As economias são mais flexíveis hoje do que na década de 1970, é verdade. Mas o aumento do protecionismo pode levar a uma reversão desse aspecto. A intensidade energética certamente também caiu desde então. Mas os preços da energia ainda são importantes. Finalmente, espera-se que a política fiscal seja menos expansionista desta vez, embora o tenha sido muito em 2020 e 2021.

Ao todo, a suposição de que as coisas serão muito diferentes desta vez tem plausibilidade, mas está longe de ser certa.

Acima de tudo, se é verdade, depende do que os formuladores de políticas fizerem. Eles precisam evitar o erro de permitir que a inflação saia do controle, como aconteceu na década de 1970. Eles ainda devem ter tempo para fazer isso. Mas agir de forma decisiva também gera perigos, mais obviamente de uma desaceleração desnecessariamente acentuada, com os custos econômicos que se seguiriam. Contra isso, é possível que as mudanças demográficas, a mudança tecnológica mais lenta, a desglobalização, o esgotamento de importantes oportunidades anteriores de crescimento e o populismo crescente enfraqueçam as forças desinflacionárias no longo prazo. Isso tornaria ainda mais difícil alcançar e sustentar uma inflação baixa.

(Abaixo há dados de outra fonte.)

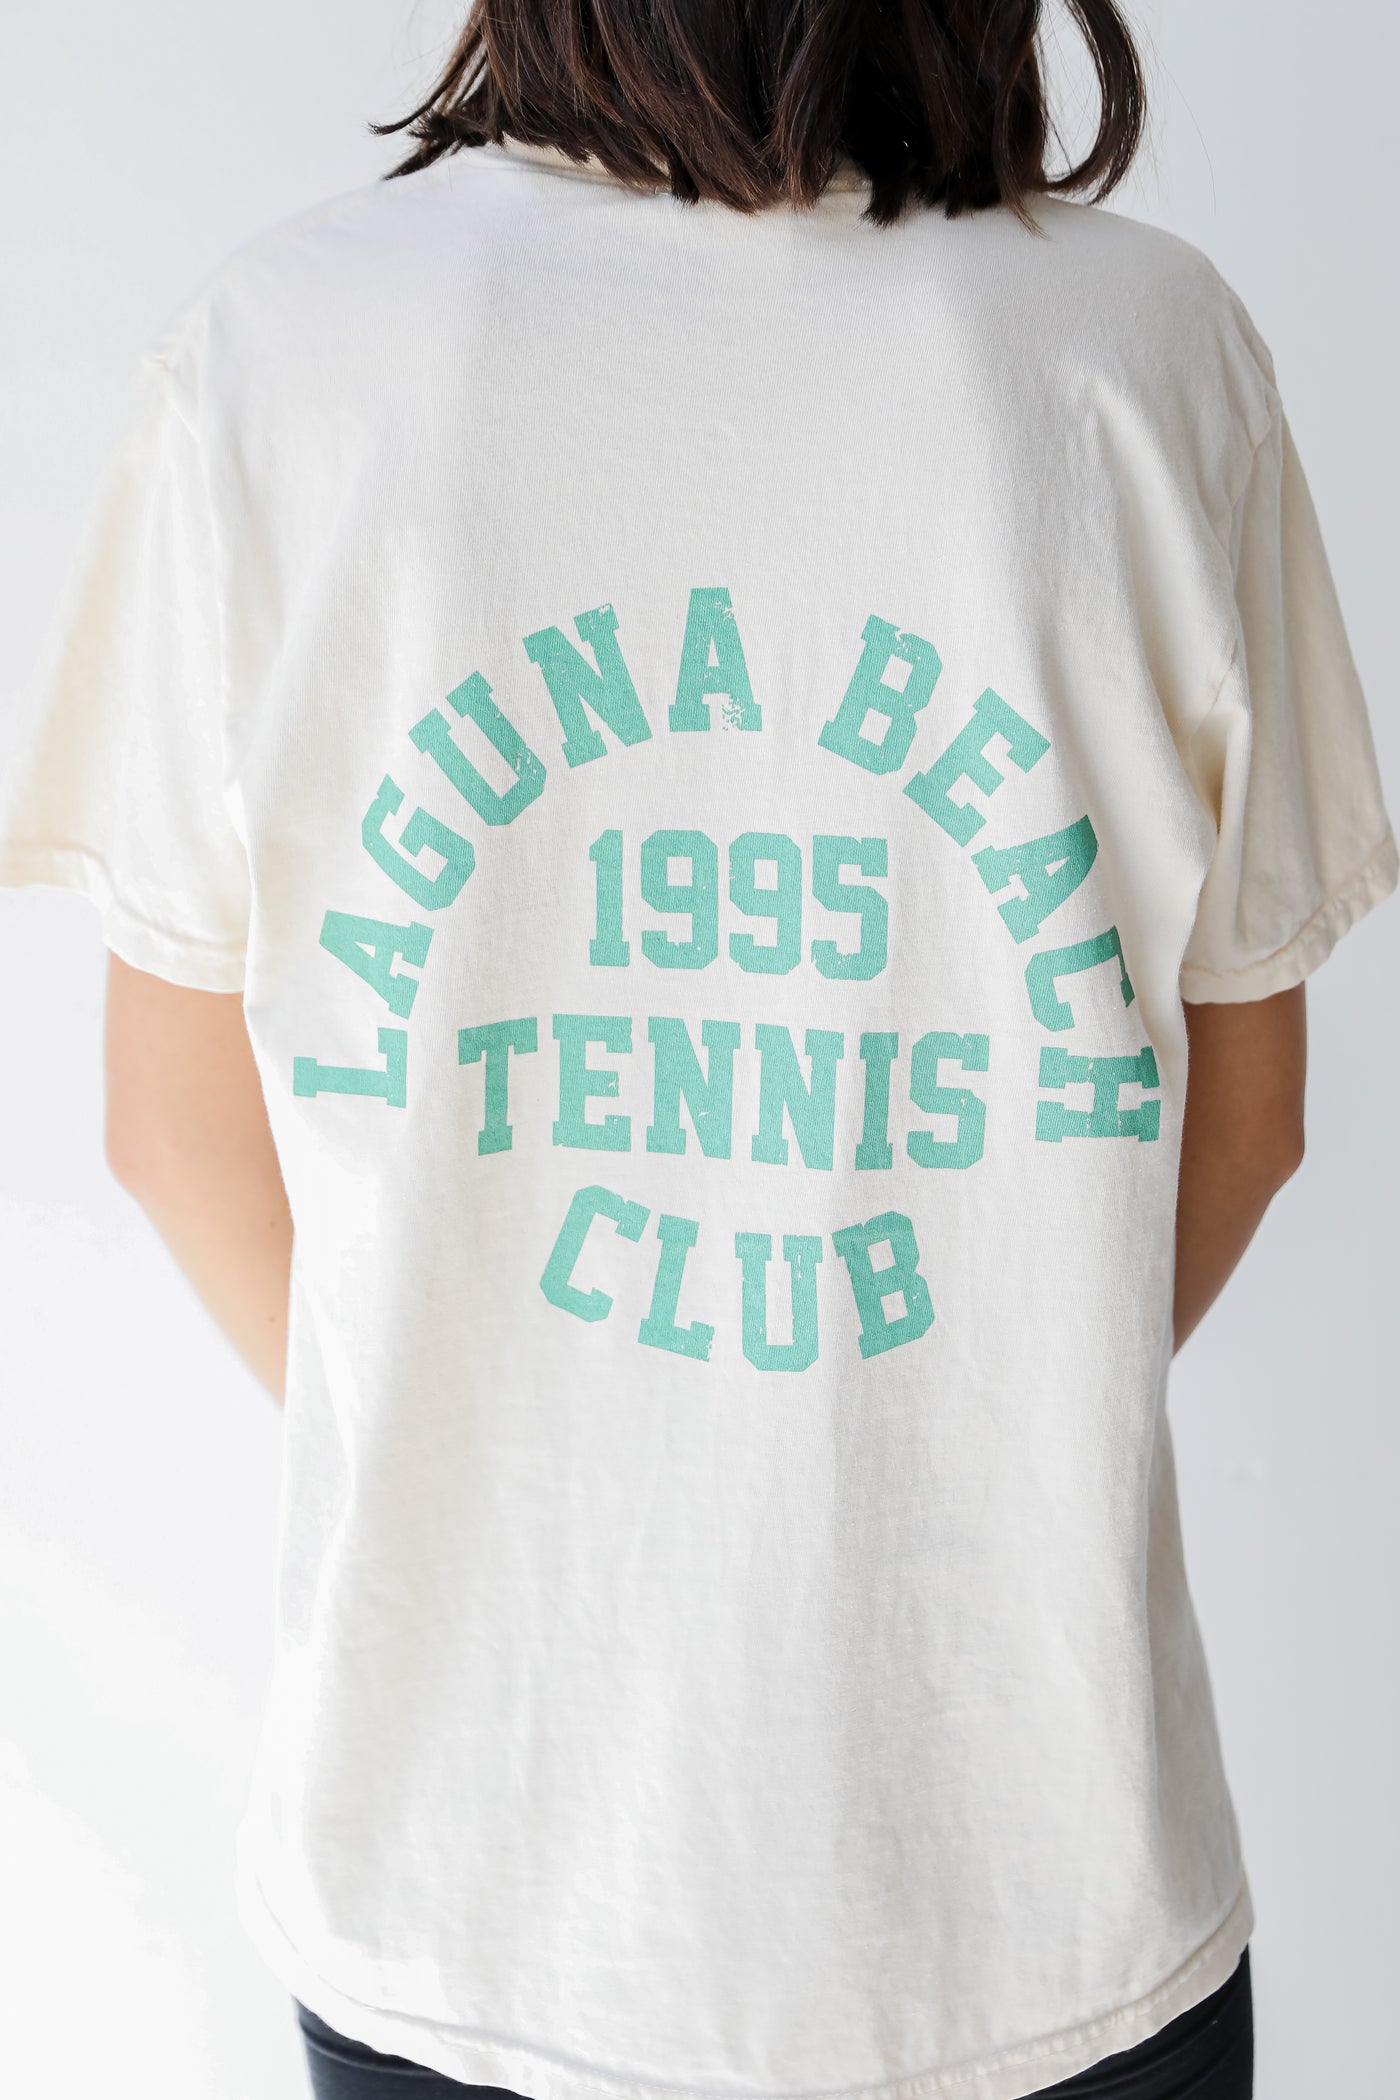 Tennis Ball Society Graphic Tee from dress up
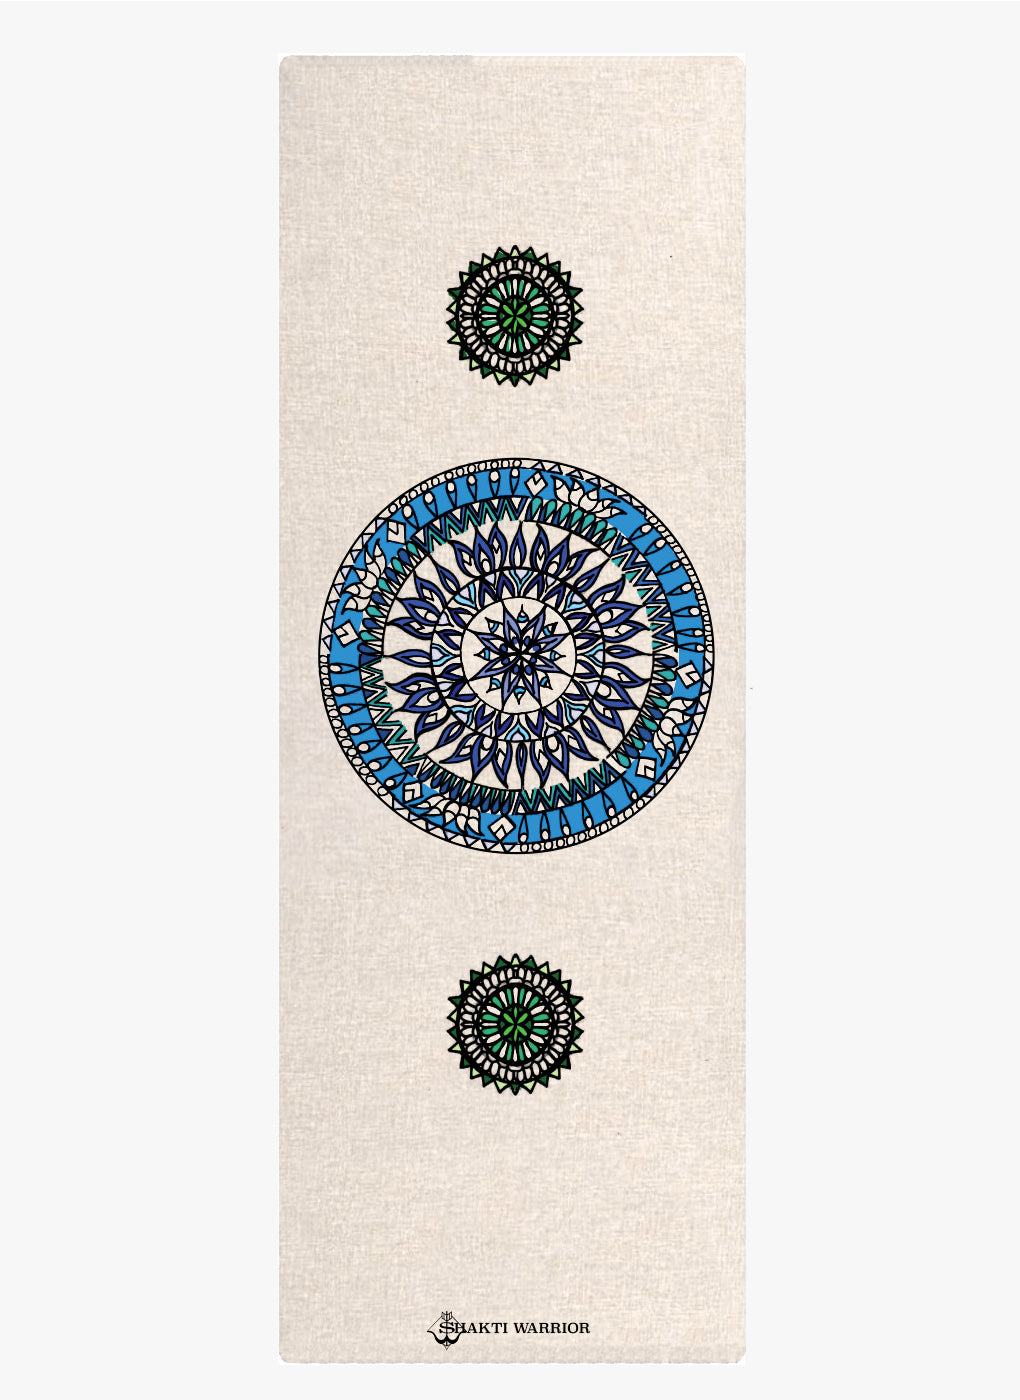 Shakti Warrior Mandala Design Hemp Yoga Mat - Experience ancient symbolism on a hemp mat, renowned for its natural grip, durability, and eco-conscious luxury. Elevate your practice with superior hemp properties.

Um perigo óbvio surge no único aspecto em que a economia mundial parece mais frágil do que há 40 anos: o tamanho do estoque da dívida, especialmente o estoque denominado em moeda estrangeira. Crucialmente, isso não vale apenas para países emergentes e em desenvolvimento. O euro também é, em essência, uma moeda estrangeira para um membro da zona do euro atingido pela crise.

Se o aperto da política monetária for substancial e prolongado, é provável que surjam crises de dívida confusas e caras. Acredita-se amplamente que os credores estejam em melhor situação para enfrentar esses golpes do que os bancos internacionais no início da década de 1980. Mas os mutuários talvez não estejam: deve-se supor que aqueles que podem escolher entre a importação de alimentos e energia, por um lado, e o serviço da dívida, por outro, normalmente escolherão o primeiro.

Também é otimista demais até mesmo para ter certeza de que os choques na economia real acabaram. O vírus pode ter truques mais medonhos na manga. Além disso, ninguém sabe como a guerra vai se desenrolar. Além disso, algumas das medidas que estão sendo discutidas, notadamente a proibição do seguro marítimo nos embarques de petróleo russo, podem gerar novos saltos nos preços globais do petróleo. A Rússia também pode cortar as exportações de gás para a Europa, gerando mais distúrbios.

Trabalhei como economista no Banco Mundial na década de 1970. O que mais me lembro desse período é a incerteza generalizada: não tínhamos ideia do que aconteceria a seguir. Muitos erros foram cometidos, alguns por excesso de otimismo e outros por pânico. O passado não se repete. Mas está rimando. Não ignore a poesia do tempo.